From mboxrd@z Thu Jan  1 00:00:00 1970
Received: (from majordomo@localhost) by pauillac.inria.fr (8.7.6/8.7.3) id KAA06968; Tue, 21 Jan 2003 10:56:51 +0100 (MET)
X-Authentication-Warning: pauillac.inria.fr: majordomo set sender to owner-caml-list@pauillac.inria.fr using -f
Received: from concorde.inria.fr (concorde.inria.fr [192.93.2.39]) by pauillac.inria.fr (8.7.6/8.7.3) with ESMTP id KAA06748 for <caml-list@pauillac.inria.fr>; Tue, 21 Jan 2003 10:56:50 +0100 (MET)
Received: from pauillac.inria.fr (pauillac.inria.fr [128.93.11.35])
	by concorde.inria.fr (8.11.1/8.11.1) with ESMTP id h0L9umr01093;
	Tue, 21 Jan 2003 10:56:48 +0100 (MET)
Received: (from xleroy@localhost) by pauillac.inria.fr (8.7.6/8.7.3) id KAA06984; Tue, 21 Jan 2003 10:56:48 +0100 (MET)
Date: Tue, 21 Jan 2003 10:56:48 +0100
From: Xavier Leroy <xavier.leroy@inria.fr>
To: Oleg <oleg_inconnu@myrealbox.com>
Cc: caml-list@inria.fr
Subject: [Caml-list] Re: Coyote Gulch test in Caml
Message-ID: <20030121105648.A5543@pauillac.inria.fr>
References: <3E15B3B3.3040106@163.com> <20030103071042.T22850@speakeasy.org> <20030104193118.A26208@pauillac.inria.fr> <200301181749.48295.oleg_inconnu@myrealbox.com>
Mime-Version: 1.0
Content-Type: text/plain; charset=us-ascii
X-Mailer: Mutt 1.0i
In-Reply-To: <200301181749.48295.oleg_inconnu@myrealbox.com>; from oleg_inconnu@myrealbox.com on Sat, Jan 18, 2003 at 05:49:47PM -0500
Sender: owner-caml-list@pauillac.inria.fr
Precedence: bulk

> On Saturday 04 January 2003 01:31 pm, Xavier Leroy wrote:
> > Apparently, the ocamlopt-generated code
> > offers less instruction-level parallelism than the g++-generated code
> > for the float computations.  Still, I haven't really understood where
> > the factor of 2 comes from.  

Oleg asks:

> It's been a couple of weeks. I'm wondering if you got any new insights into 
> this?

Yes: I'm just back from a trip to the US and had plenty of time to
kill during the transatlantic flights :-)

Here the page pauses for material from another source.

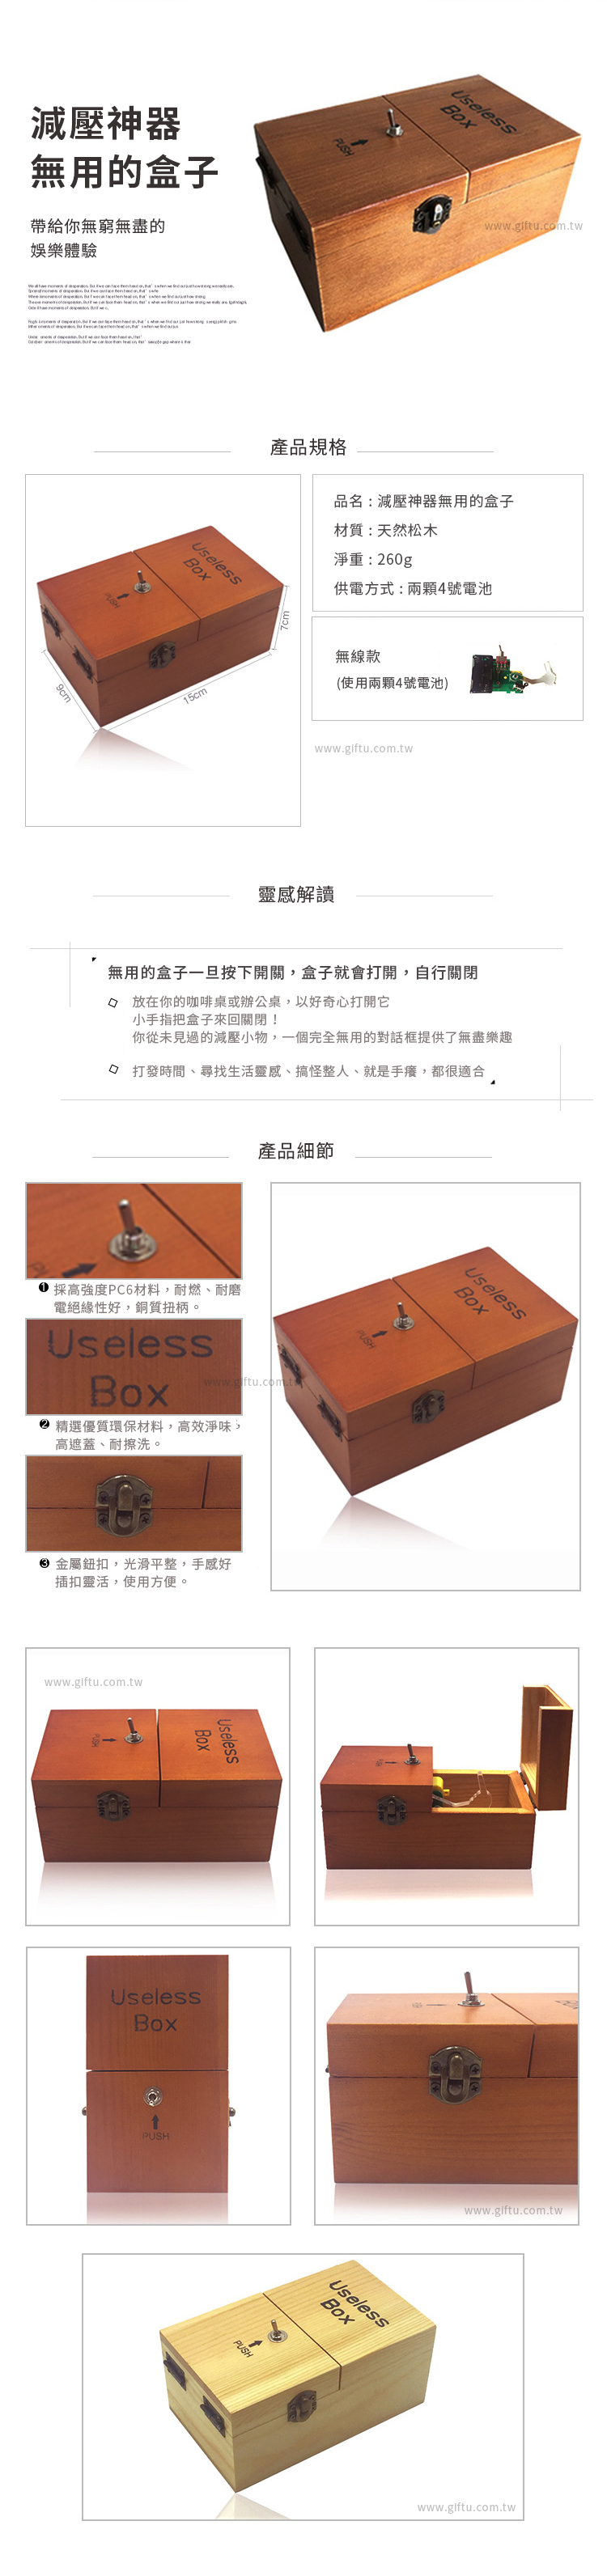 【3/29~5/31畢業季88折優惠】創意小物館 減壓神器無用的盒子 Useless Box 粉色

Apparently, one cause of inefficiency is excessive storing of
float results in memory temporaries.  The x86 is a wierd beast: while
loading floats from memory is quite fast (almost as fast as using a
float already on the register stack), storing (the fstp instruction)
seems to be quite expensive.  

Fortunately, a small modification to the ocamlopt x86 code generator
can remove many of these stores to temporaries in the case of
the Almabench test.   With this modification, the OCaml code runs at
2/3 the speed of the code generated by g++ -O3, which is still not
great but more in-line with previous numerical benchmarks.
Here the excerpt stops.